▶ AIM OF THE EXERCISE
Everything in the listing below except the pictures should be reproduced exactly.

**** PROVIDED MATERIAL ****

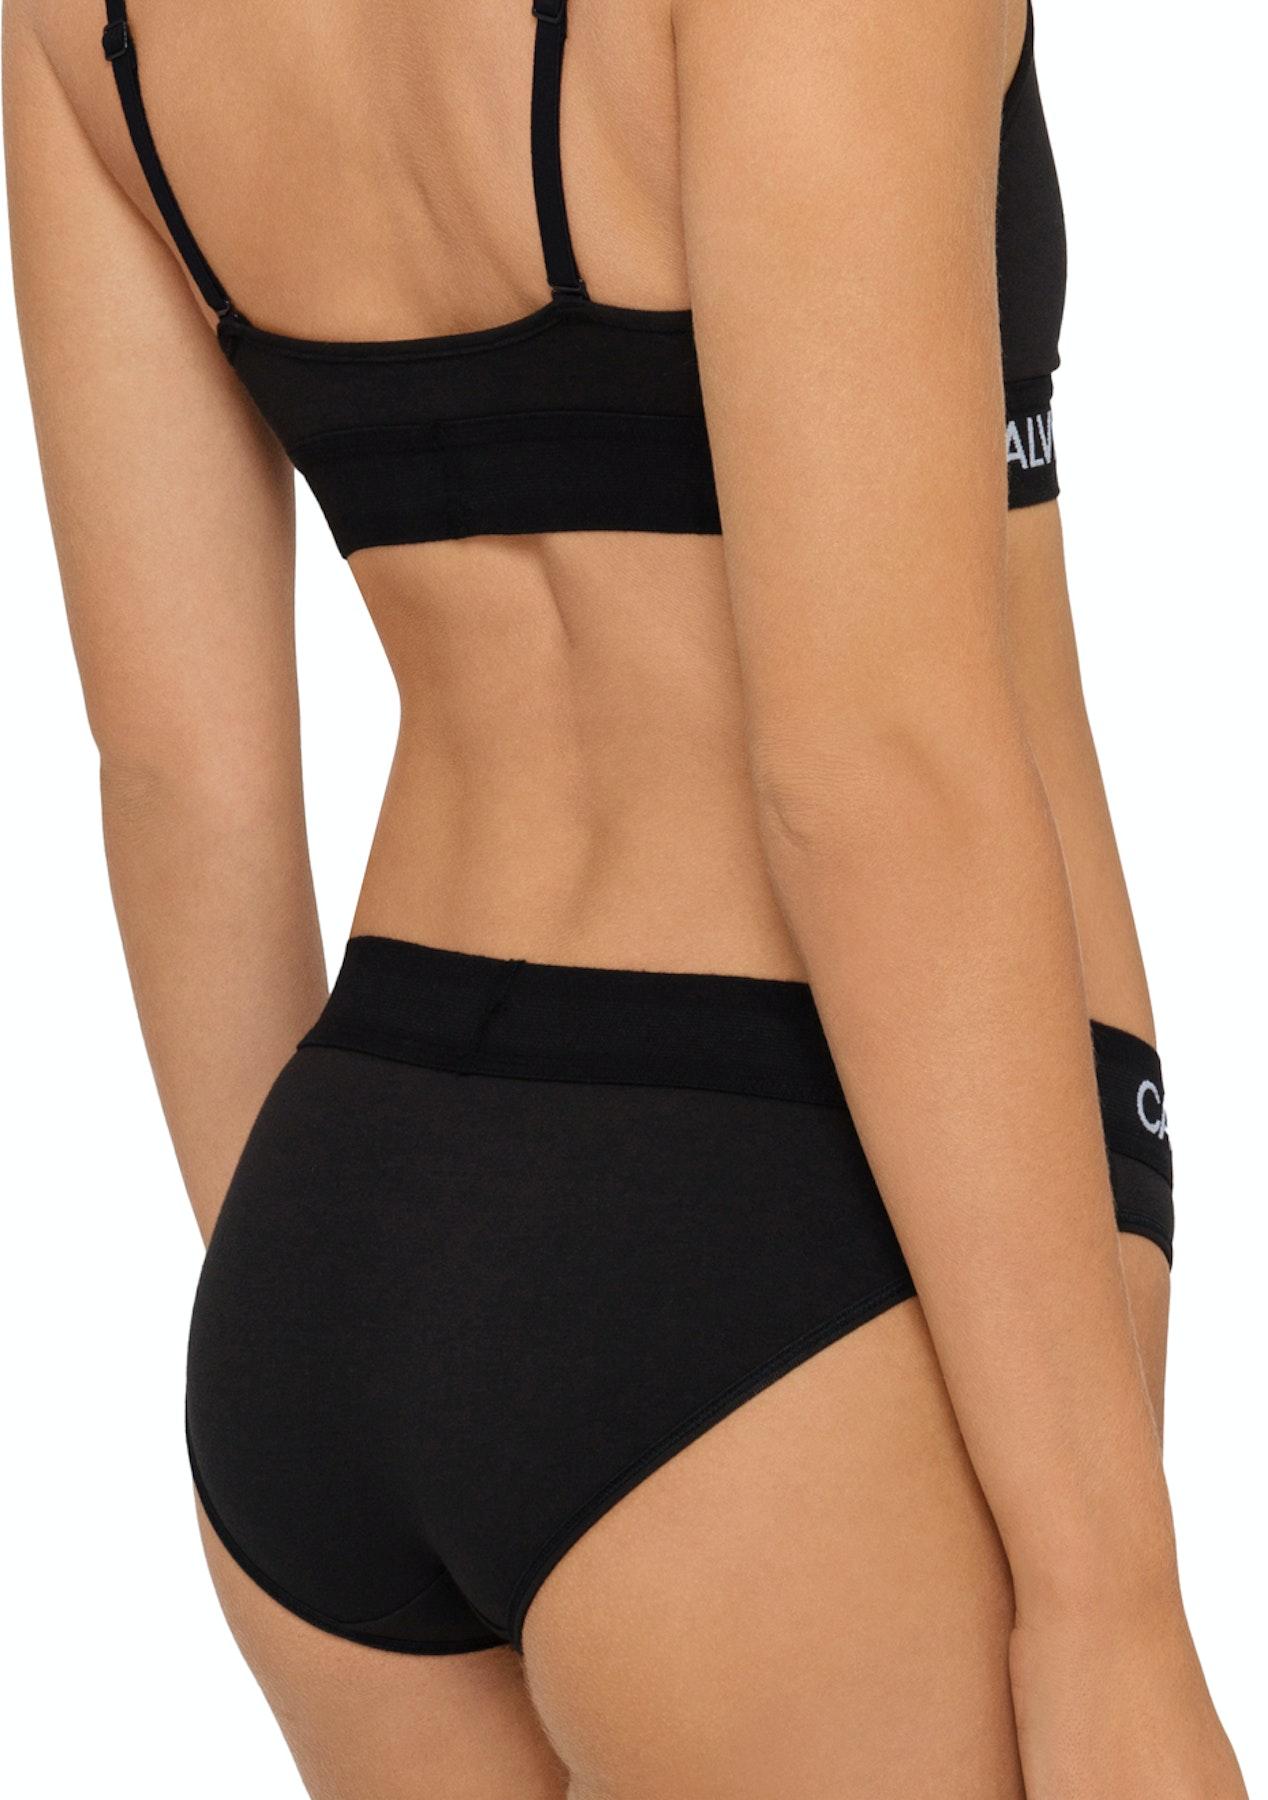 544d2ee8c81 Calvin Klein - Monogram Unlined Triangle - Black - Underwear Garage Sale -  Onceit
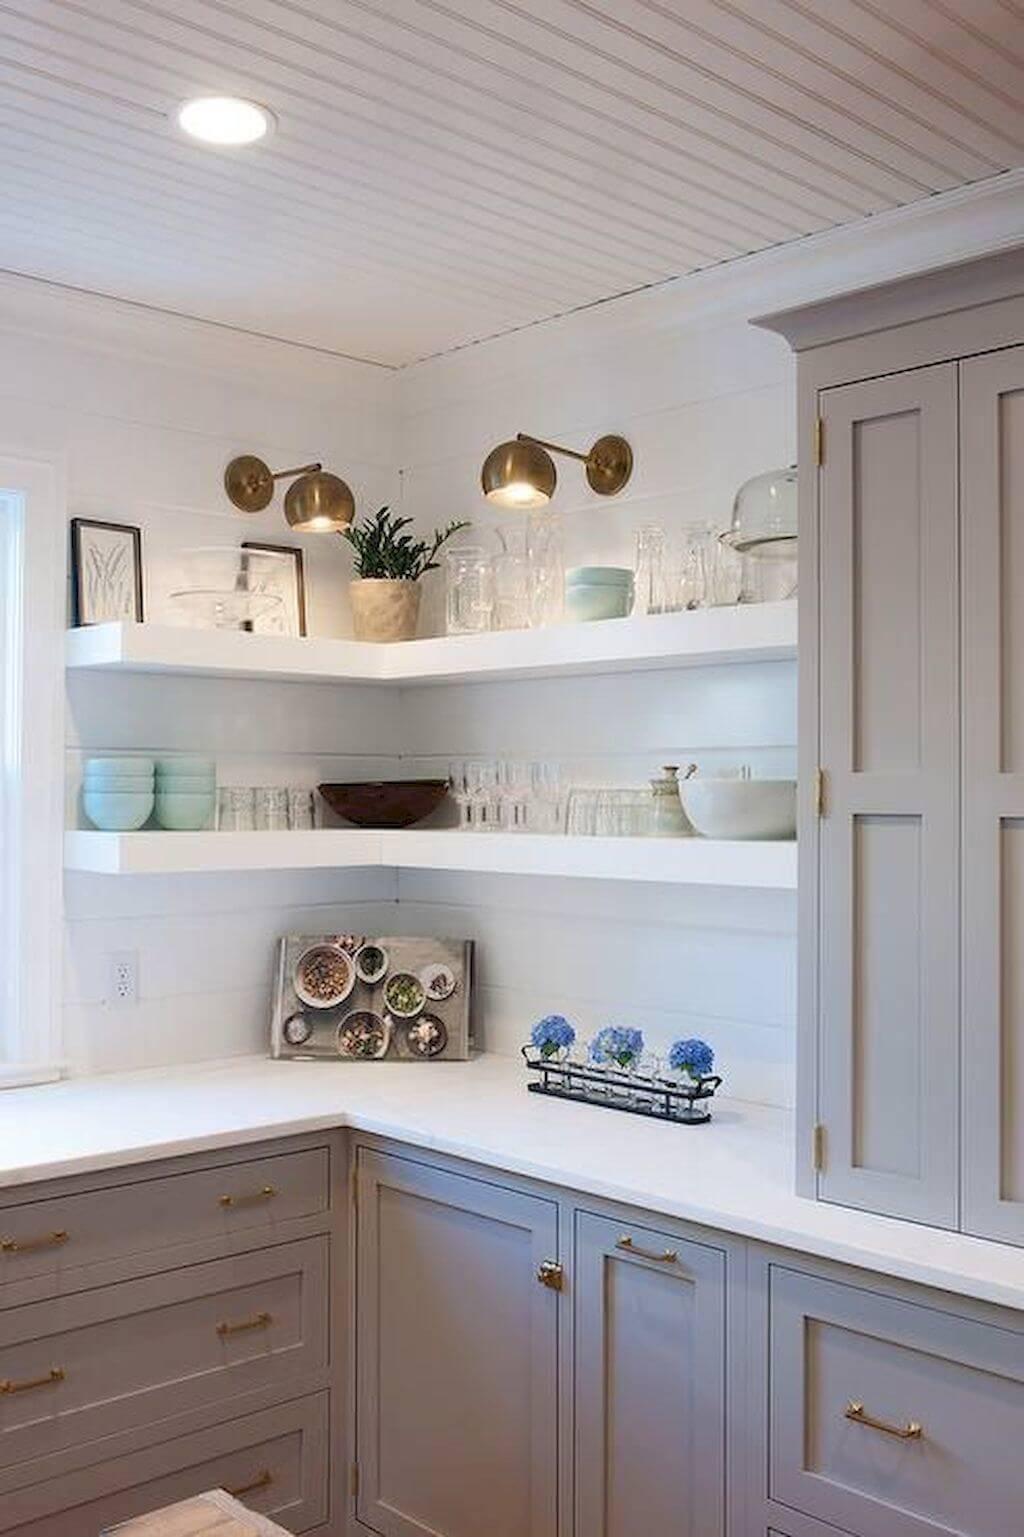 mutfak-acik-raf-modelleri açık mutfak raflarınızı nasıl düzenleyebilirsiniz - mutfak acik raf modelleri 18
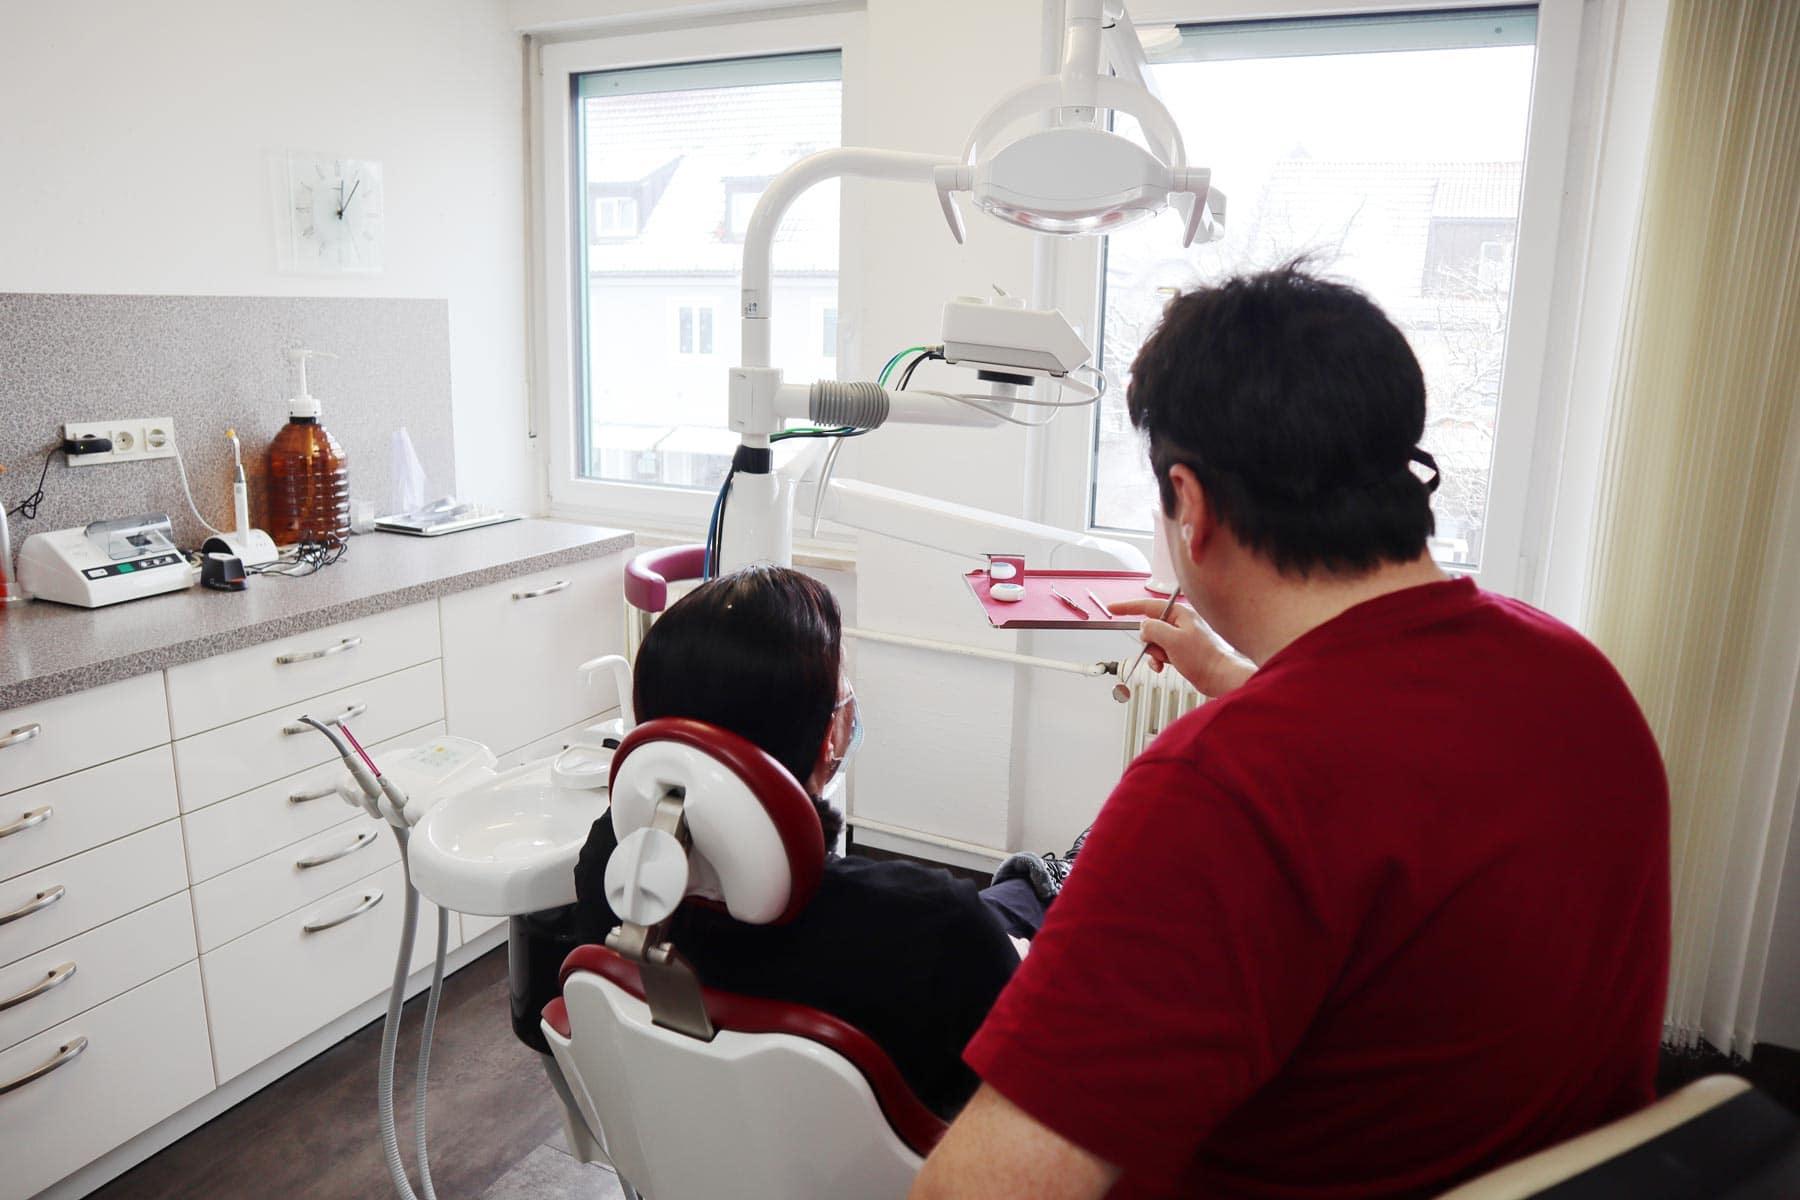 Zahnarzt Nelson Cartagena Behandlung mit Patient

****

▶ RESPONSE AREA
 544d2ee8c81 Calvin Klein - Monogram Unlined Triangle - Black - Underwear Garage Sale -  Onceit
 mutfak-acik-raf-modelleri açık mutfak raflarınızı nasıl düzenleyebilirsiniz - mutfak acik raf modelleri 18
 Zahnarzt Nelson Cartagena Behandlung mit Patient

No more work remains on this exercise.